WELL guys back off to work on the case u all wish me luck 

thanks


----------



## Wrench97

*Re: foxconn l s-36 specs*

It does not have the same connectors your motherboard needs, Dell used a server type supply with lower amp rails and more feeds to the motherboard then a standard ATX board.
http://support.dell.com/support/edocs/systems/xps600/en/SM/techov0.htm#wp1060771
You'll notice the motherboard uses a 24 pin and a 10 power connector you need a 24 pin and a 4 pin.


----------



## tcironlungs

*Re: foxconn l s-36 specs*

yea i see, What i did was cut the 10 power connector so it was only 4 left, i made sure i had 2 12v and 2 ground for my 4 power connector. now for the 24 power connector i left it alone. that should be ok right beacuse i already fired it up and it started all fans where going and want to windows, it seemed ok. 

does the 24 power connector (dell) work one my motherboard bc i hope i didnt fry nothing ?????? 

thats y i thought i just use the dell PSU.


THANKS for really looking at what im trying to do, good man thanks again.

PS MY motherboard is a biostar G31-M7 TE


----------



## Wrench97

*Re: foxconn l s-36 specs*

The 24 pin is wired standard, the problem you may have depending a lot on CPU wattage is that the 12v circuits from the CPU power 10 pin plug are not as high an amperage as a standard ATX 4 pin 12v feed.


----------



## tcironlungs

*Re: foxconn l s-36 specs*

So your saying that the 2 12v and the 2 ground wires that im using for the 4 power connector may not have the right amperage for my motherboard. ok i can see that 

Q: now my cpu is only a 65watt (if that even has any thing to do with this amperage thing u are talking about) and the CPU that was in the dell was a 95 watt cpu, So shouldnt that be easier on the DELL PSU. and have plenty of amperage for my CPU??? ((i dont nothing about how PSU work thx for working with me on this))

2ed Q: how well i know if i do get an problem with my computer???? well it just start crashing or well something burn up or just stop working??????

3rd Q: now u know that 10 power connertor right and i used the 4 of them to power my motherboard. well here what i did with the other 6 wires, i used them to power the fans that dell had in it. I used the one set to power the fan up front. i used the 2ed set to power the fan on the side panel. and than for the last set (so i used all 10 power connertor) i used it on the 2 fans in the back of the case, there the same brend thats y i just wired them to get there. IS that OK to do bc u said something about the amperage OR that dont matter bc its powering somthing else????? like i said dont know **** about PSU 

+12 VADC and ground to power front fan what does VADC mean?

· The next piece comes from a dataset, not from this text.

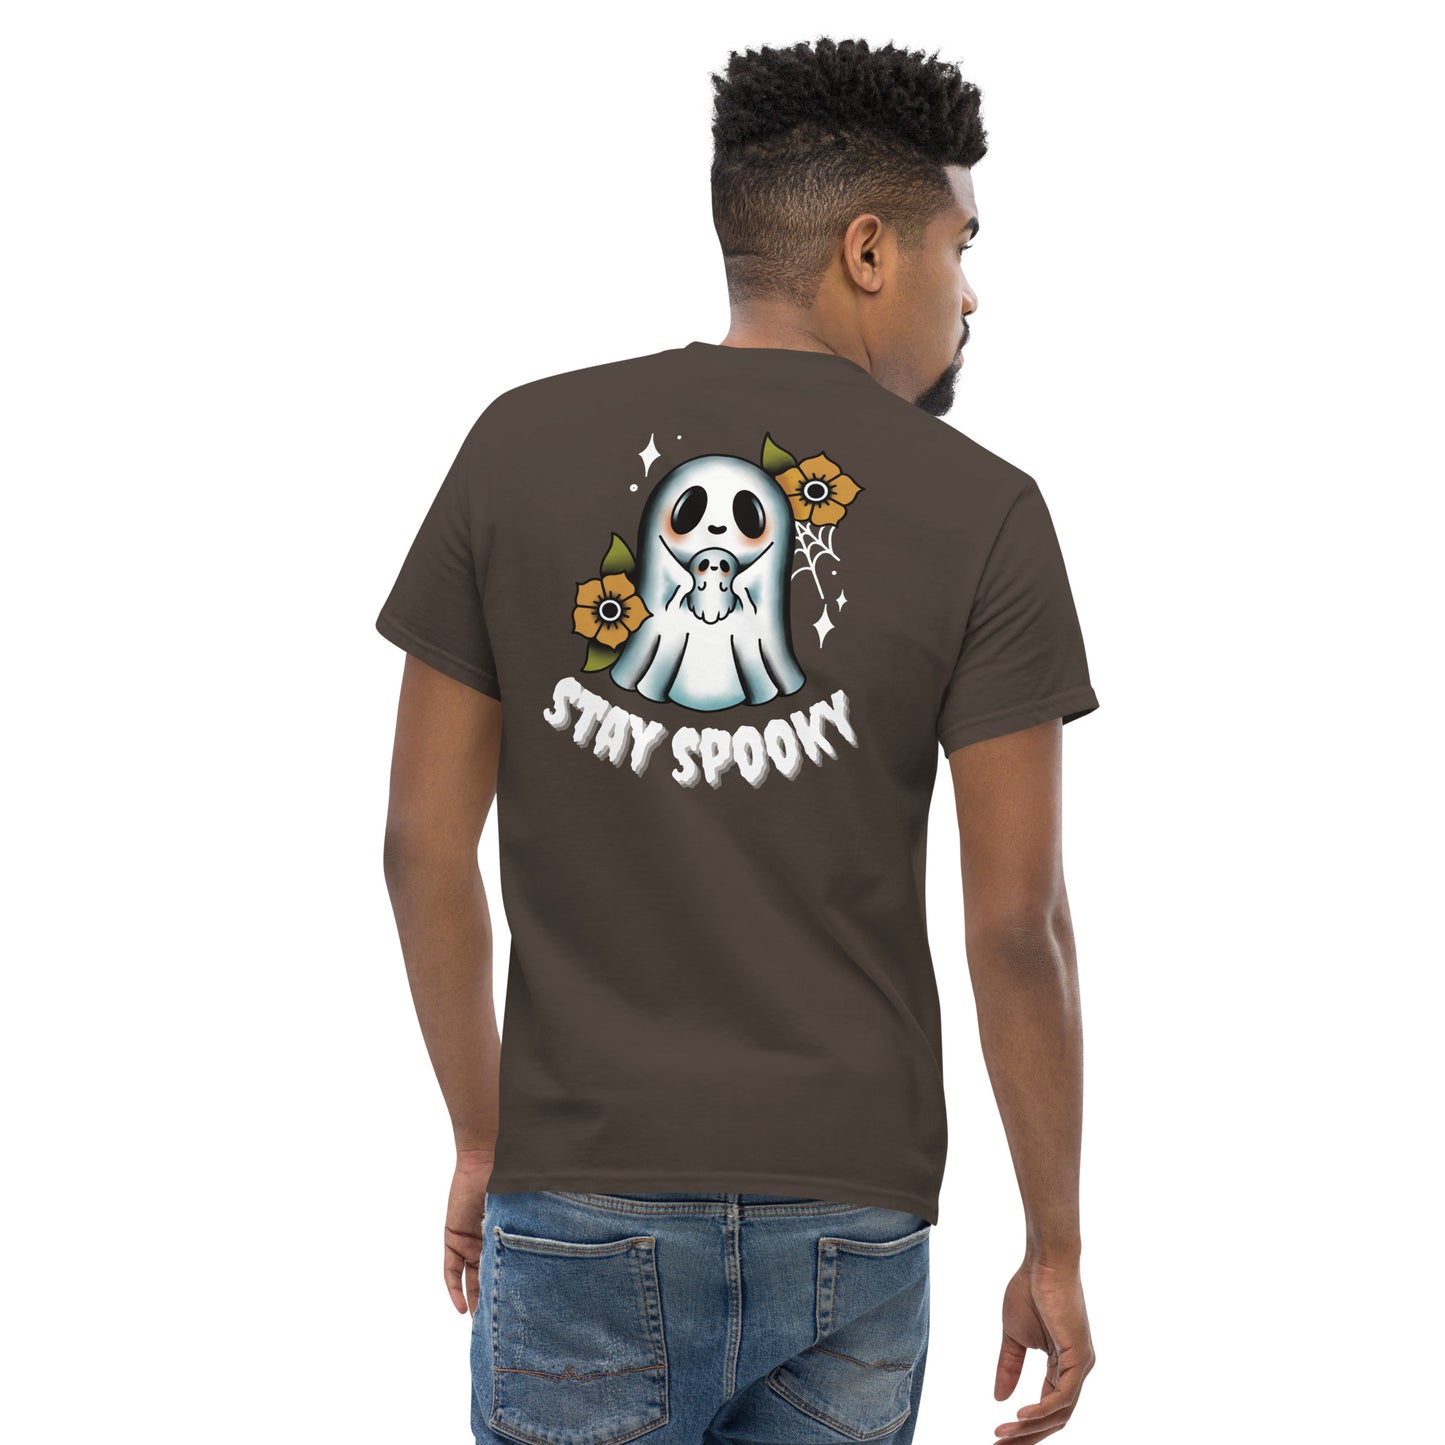 Stay Spooky classic tee
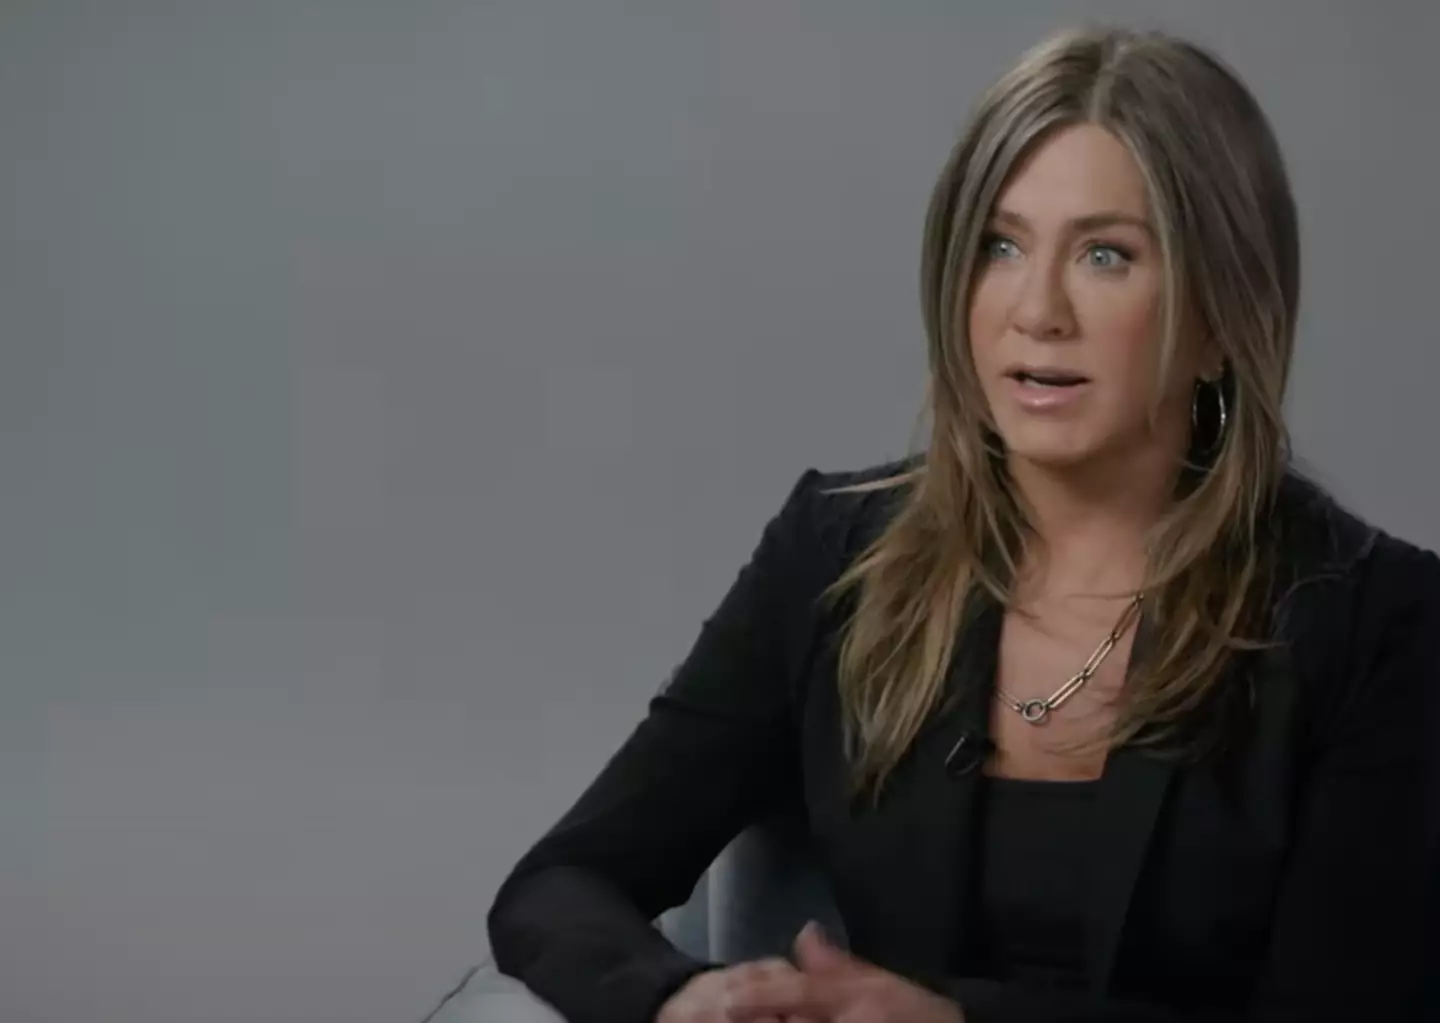 Aniston explained how she thinks the rise of the internet and platforms like TikTok, Instagram and YouTube are almost 'diluting' actors' jobs.

+12 VCDC and ground to power side fan VCDC mean?

+12 VCDC and ground to power rear fans (2)

thanks for all your help so far good man


----------



## Wrench97

*Re: foxconn l s-36 specs*

For a 65w CPU you should ok.

The way Dell uses it it means the Blue/White wires are 12 Volt DC current off the C rail of the power supply the Yellow are 12 Volt DC current off the A rail of the supply.
White and Blue/White in the 6 pin Video card power connectors are off the B rail.

Most other PSU manufacturers do not color code the wires lihe this or letter the 1st, 2nd, 3rd or 4th rails in the supply.


----------



## tcironlungs

*Re: foxconn l s-36 specs*

VERY cool so i shuold be good than. 

and the wireing of the fans is good to right?

i ALMOST have the side panels done O o i put some pics up here soon for u too see 

for the right side panel i just did a gloss black 
and the other side panel where i put a 240mm fan on the side i did a custom paint job on it. i think it looks cool almost like an volcano landscape type deal.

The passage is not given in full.